Aim of the task:
Your answer must be an exact copy of the listing that follows, with all pictures omitted.

Information shown:
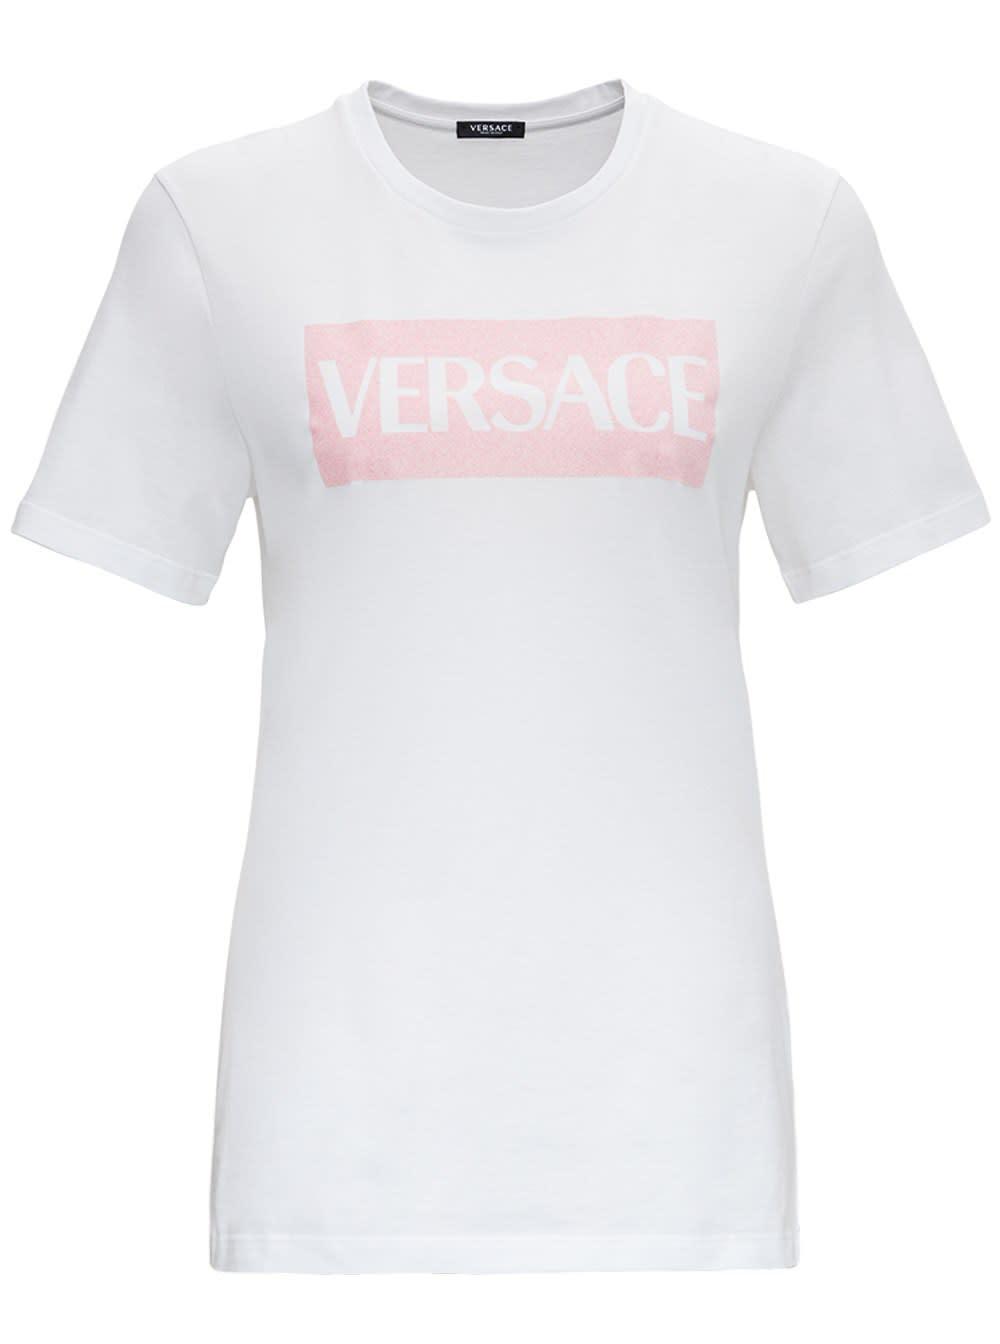 Versace SHORT SLEEVES FRONT PRINTED TEE
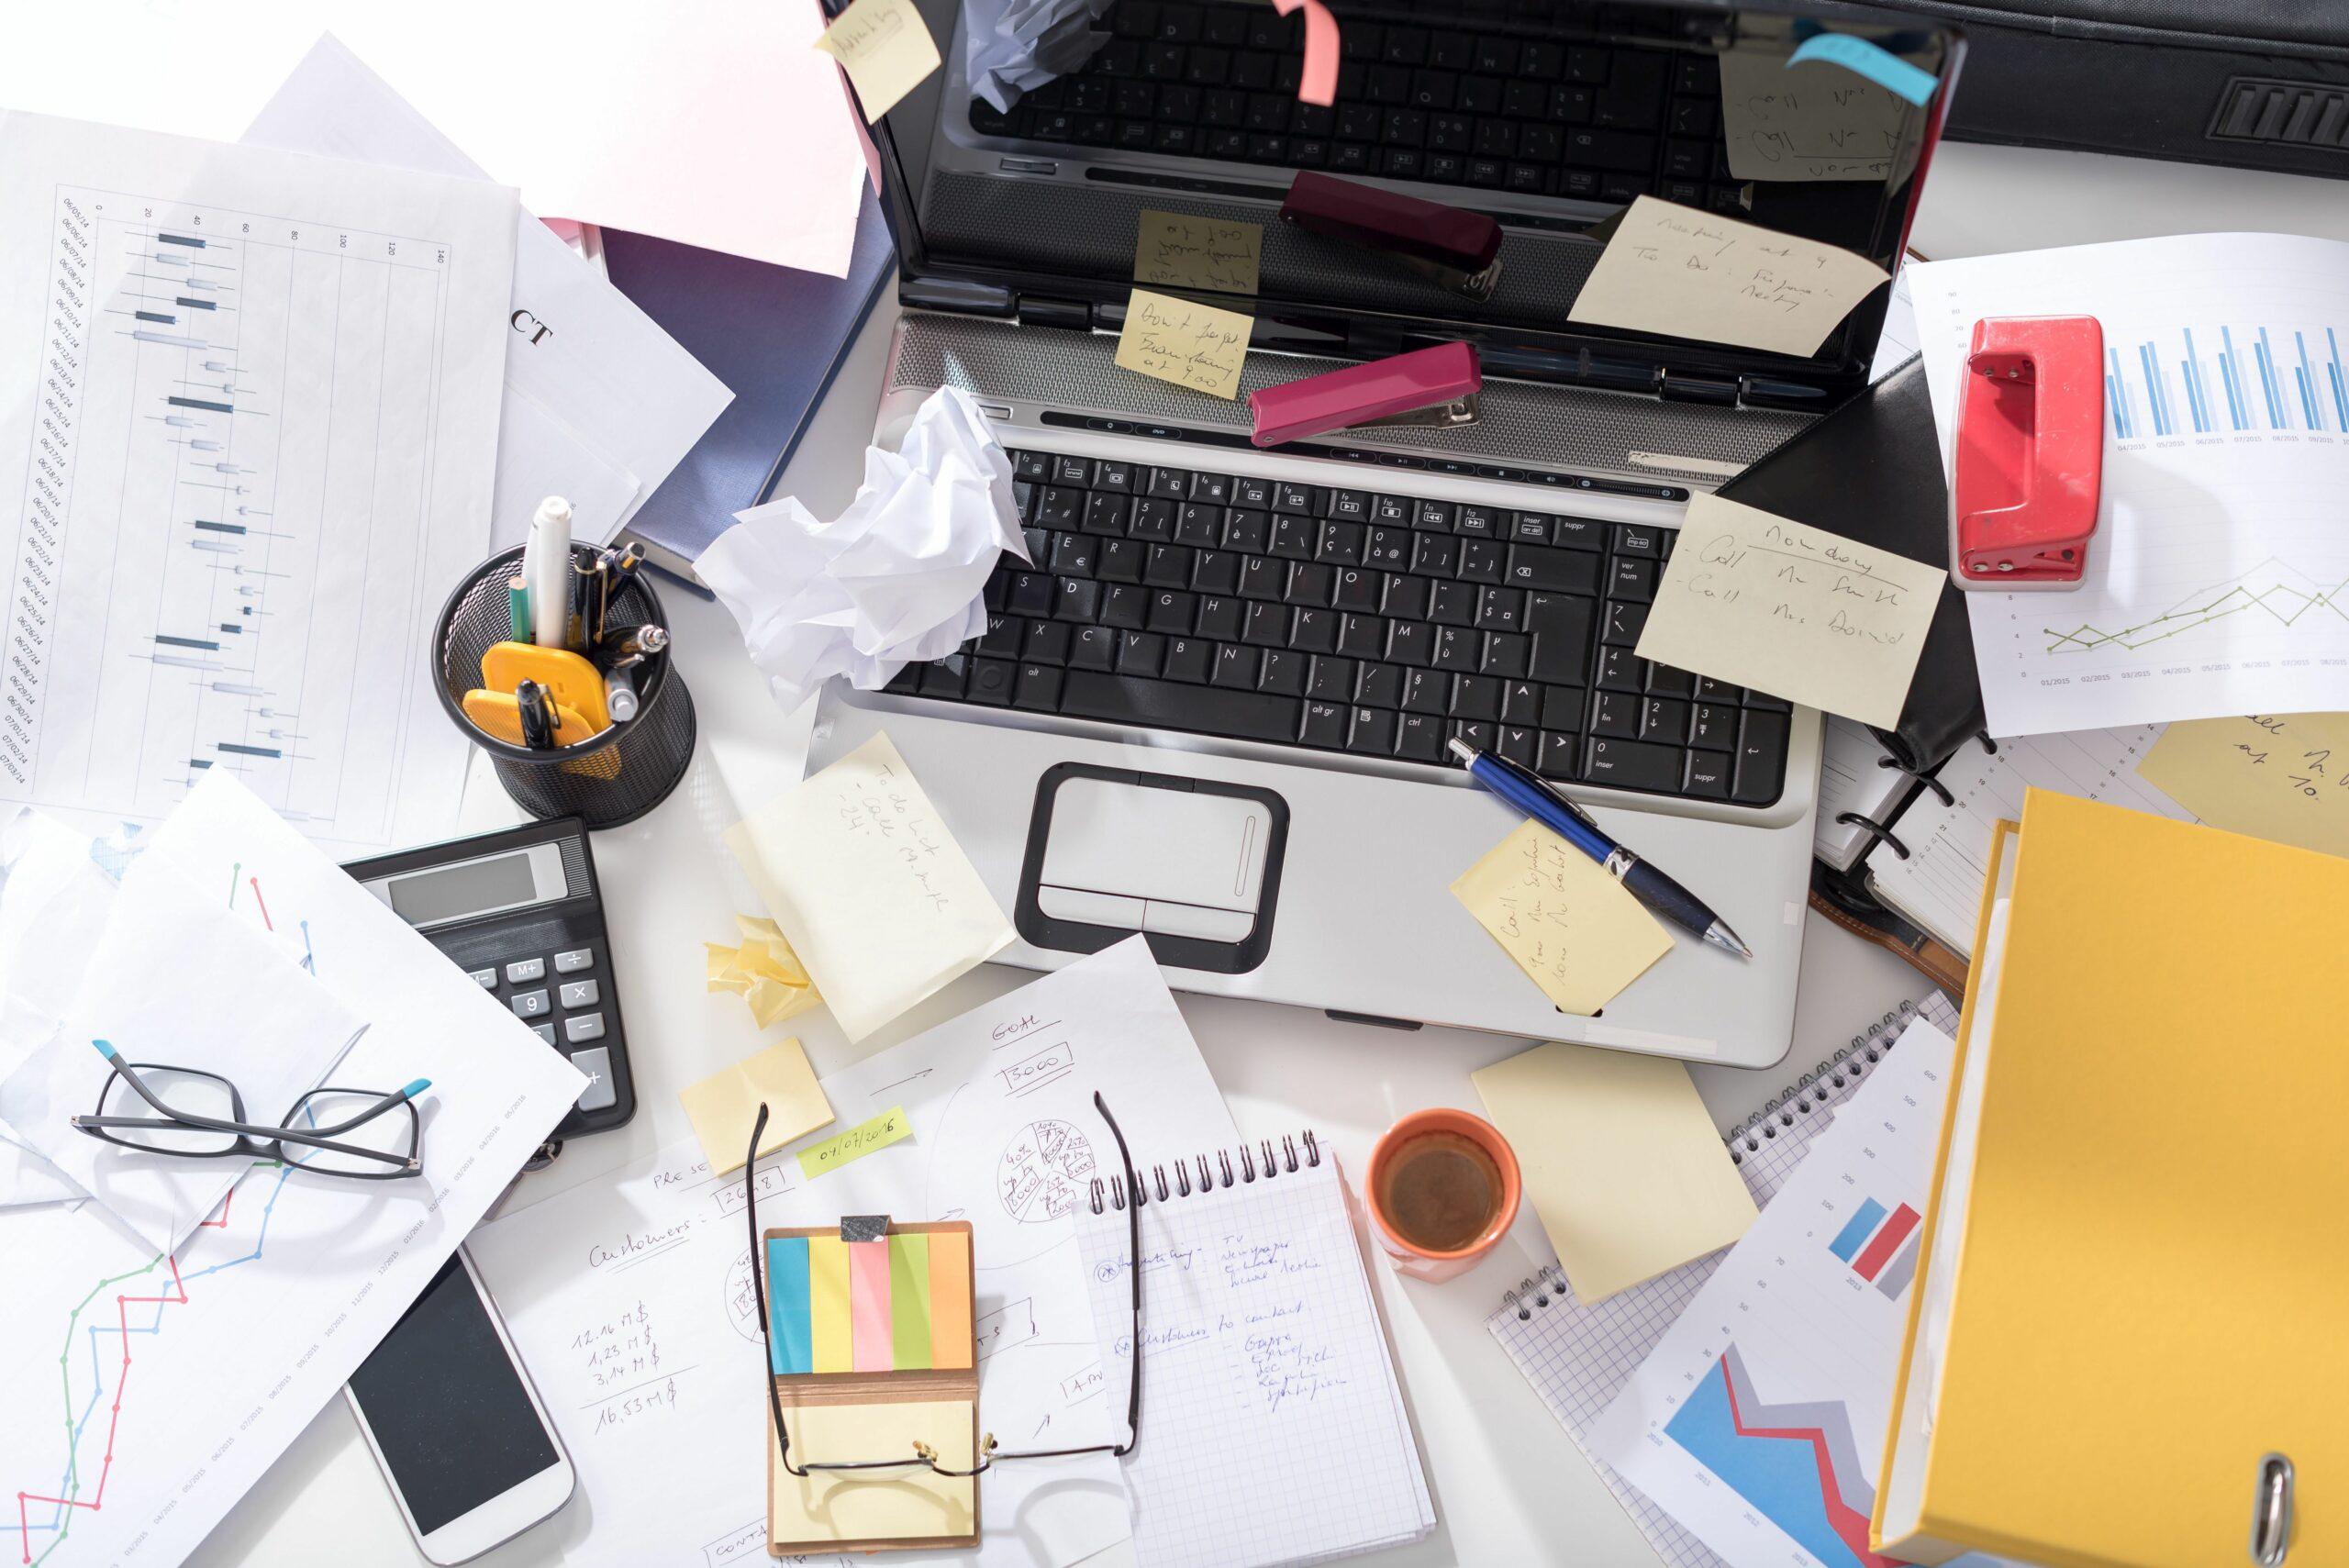 Unordentlicher, chaotischer Schreibtisch
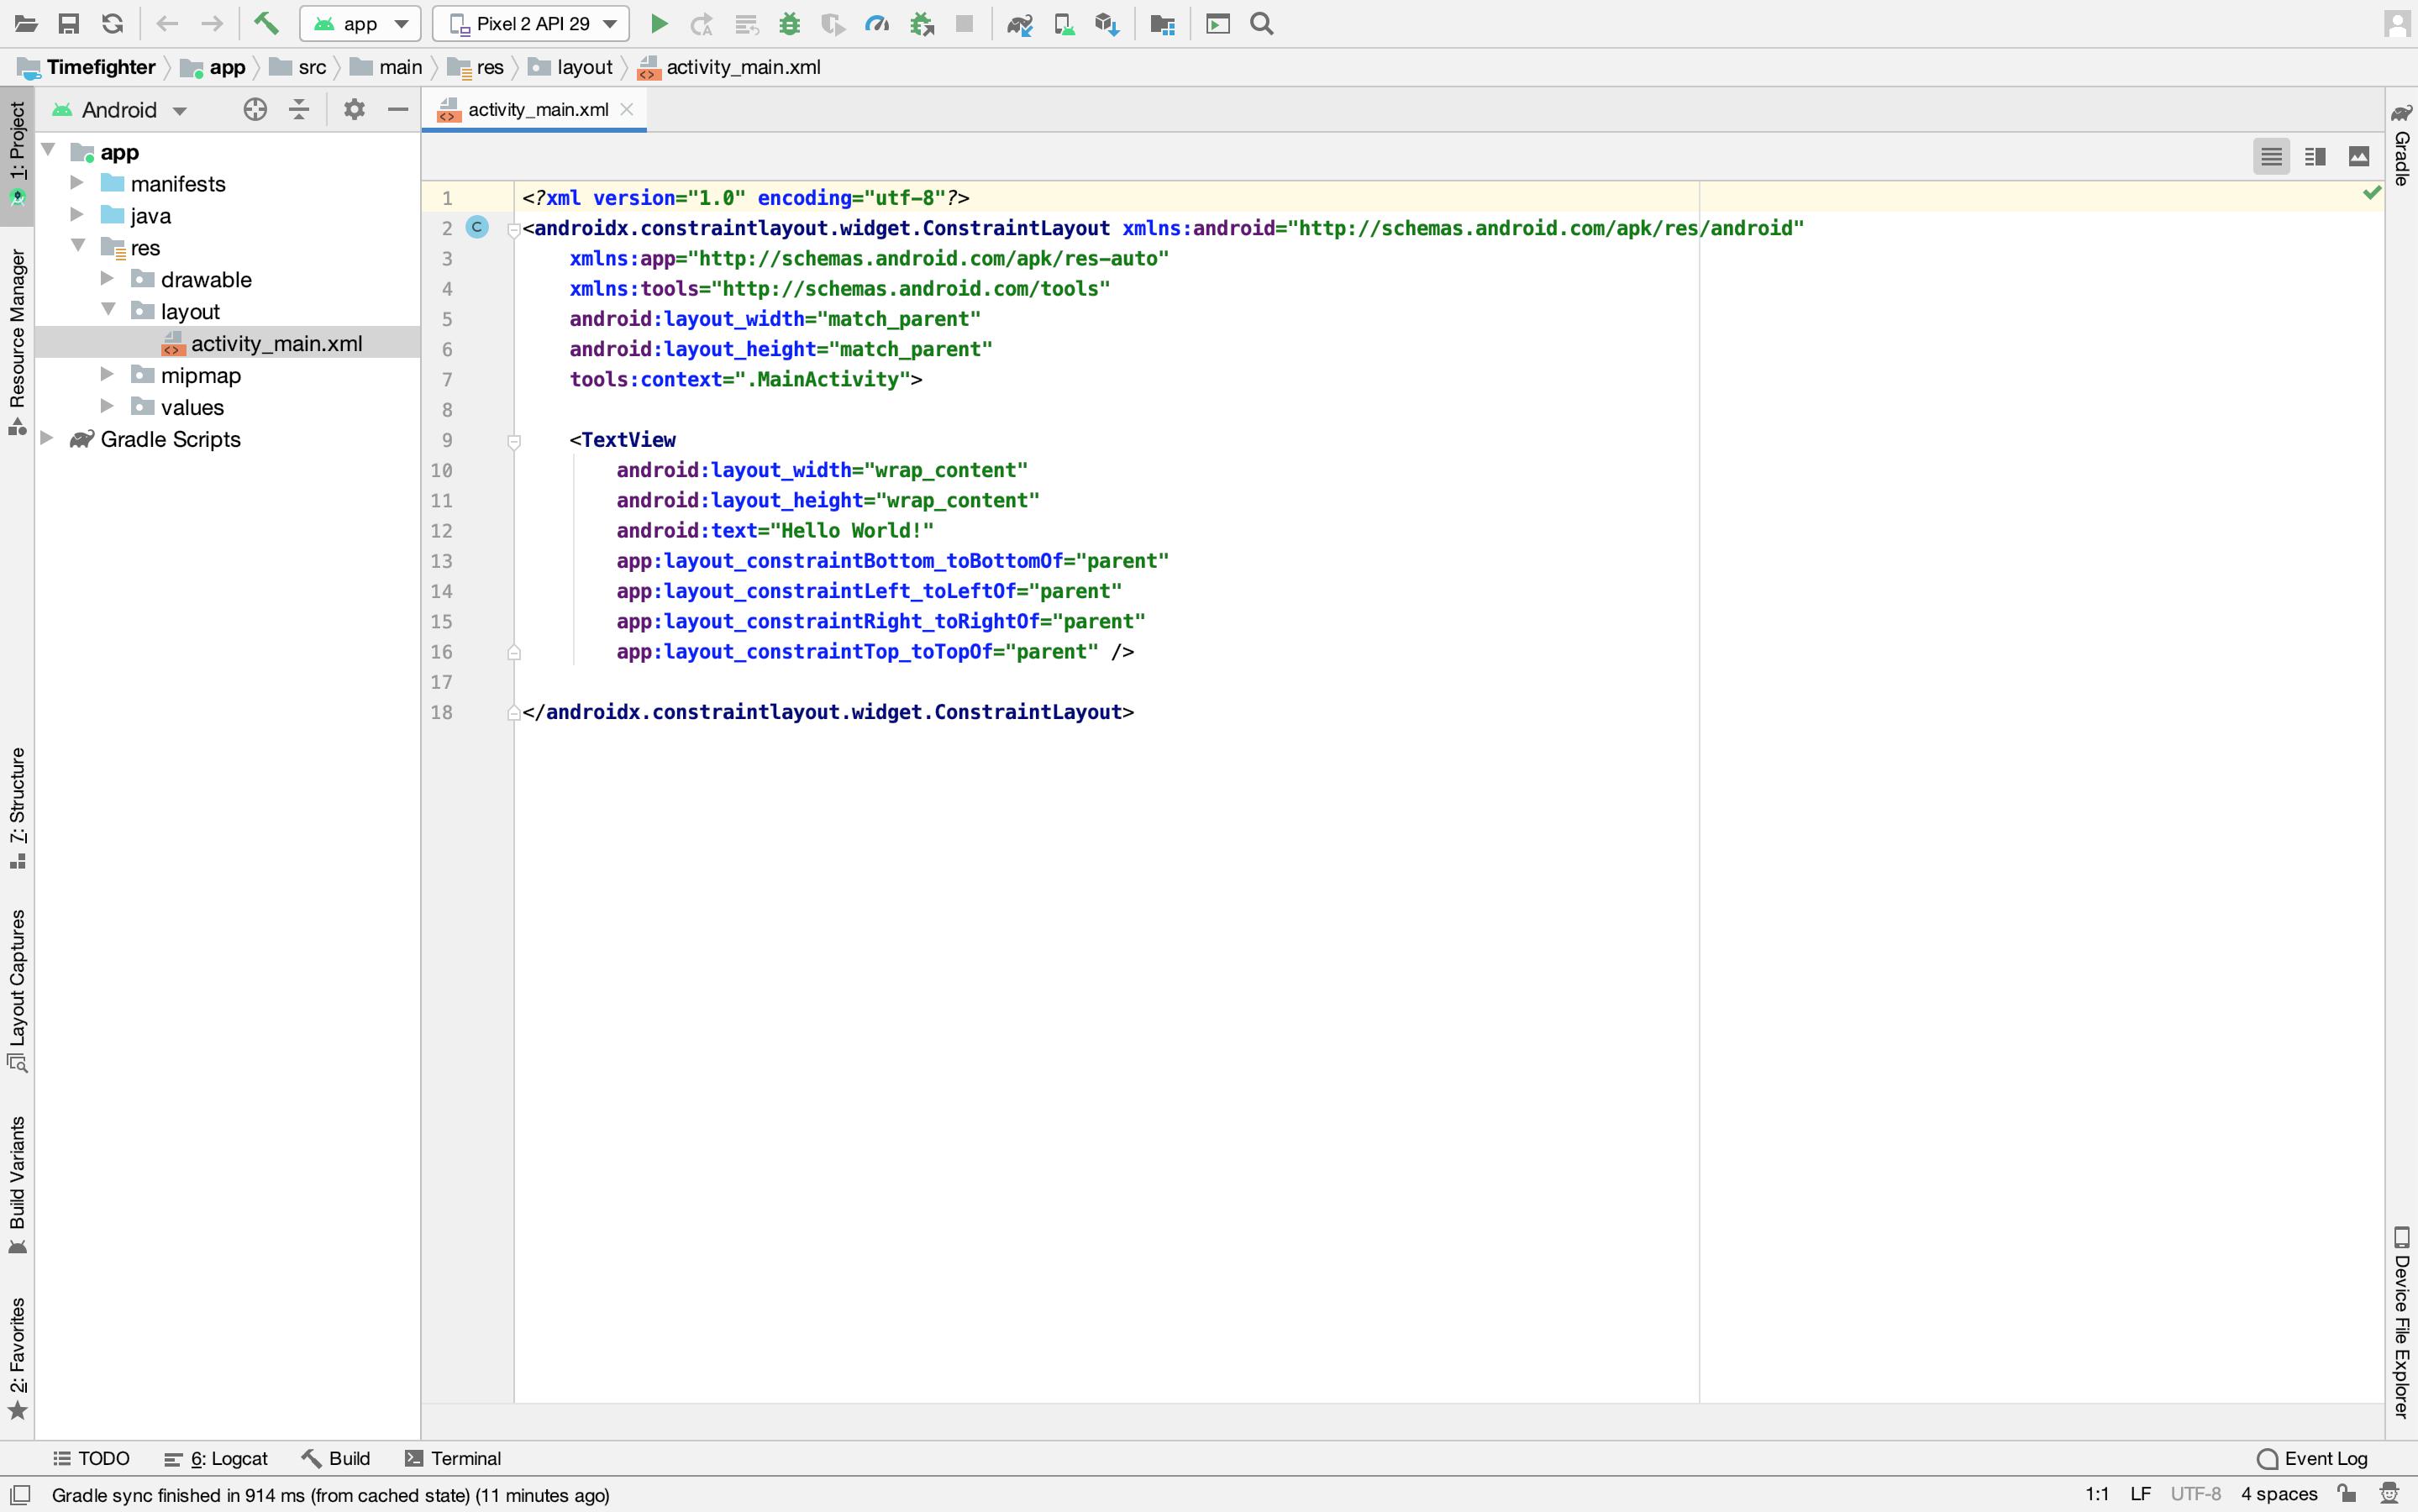 Editing activity_main.xml using the XML Editor

Exercise response:
 Versace SHORT SLEEVES FRONT PRINTED TEE
 Unordentlicher, chaotischer Schreibtisch
 Editing activity_main.xml using the XML Editor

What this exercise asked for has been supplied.